Almost all crowdfunding sites will ask you to produce a video detailing all of the above. This is your chance to connect with your audience and describe the opportunity, so you must wrap a powerful sales message inside a colourful story.

Although creating and producing your video will likely be one of the most expensive parts of your campaign, it’s important to get it right. Deliver key messages simply, use graphics to illustrate any data you refer to and get a professional editor to make the whole thing come alive.

This needn’t break the bank, says Goh: “The video is important, but with new technology it’s possible to create something of real quality without spending big.
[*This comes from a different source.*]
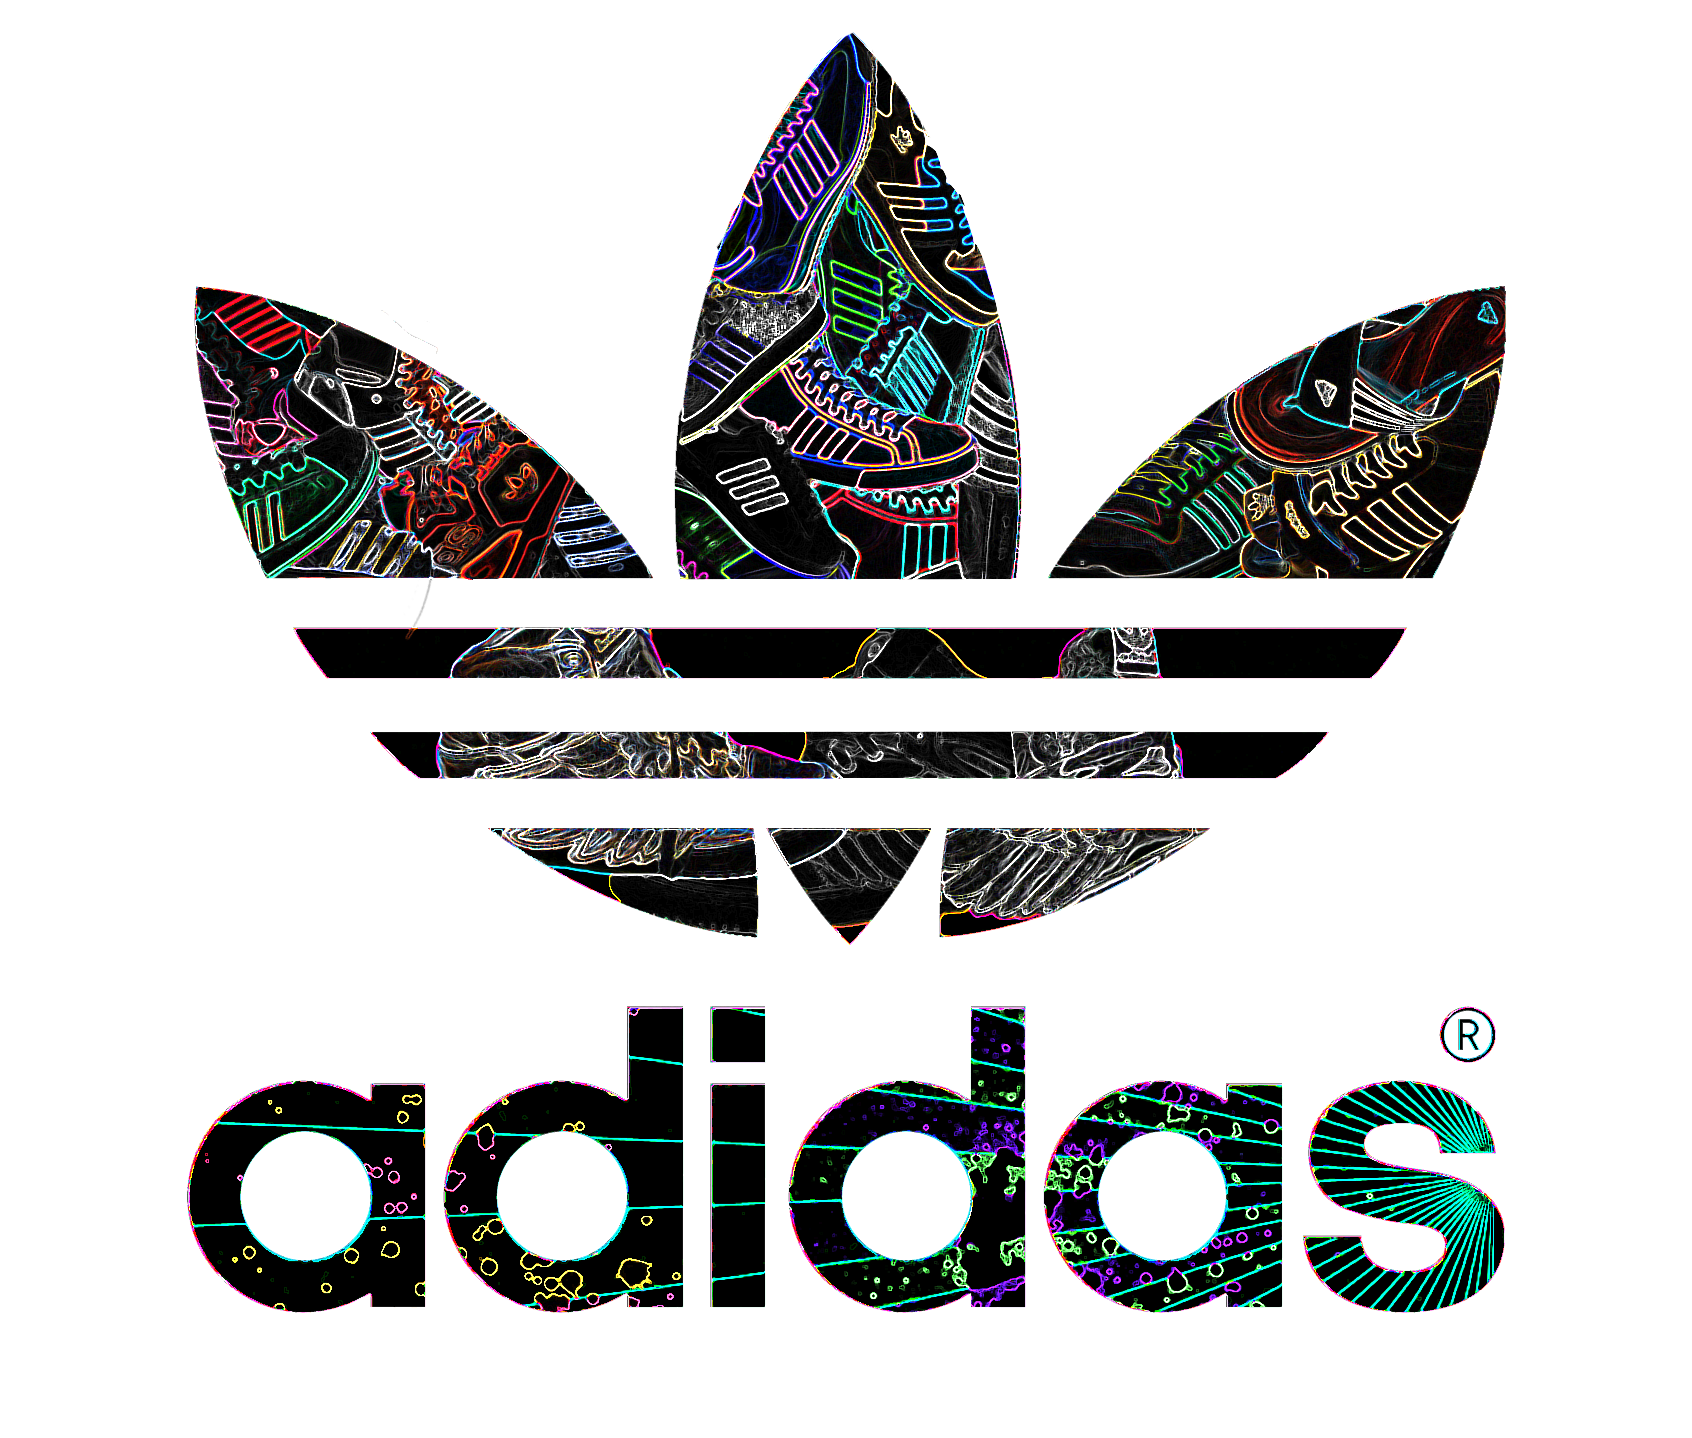 adidas shoes inside the logo by kil3y on deviantart

Many new smartphones shoot in 4K, for example, and you can buy a clip mic and a stand for £30.

“If you can’t do things like voiceovers and video production yourself, spend time researching freelancers who can do the job more cheaply than the big media agencies,” he recommends.

The network

You rarely hear it said of crowdfunding campaigns, but never underestimate the importance of your own network. Many platforms give you a period of a week or two before your campaign goes live to start the ball rolling with investments from your friends, family, former colleagues and peers.

This is important for two reasons: one is obviously that it gets you nearer to your desired total, and the other is that investors look for opportunities with existing backing. The crowd is a proving ground for business, so the more people back you early, the more will want to pile in later on.

Crowdfunding sites often require a level of funding to take place before they will allow your pitch to go live. They want to see strong backing for your product from multiple sources as proof of its potential.

“It’s important to get momentum early,” says Goh. “We tapped into an extensive network to drum up interest through events, presentations, social media and PR. It’s an investment of time and money, but essential if you are going to succeed.”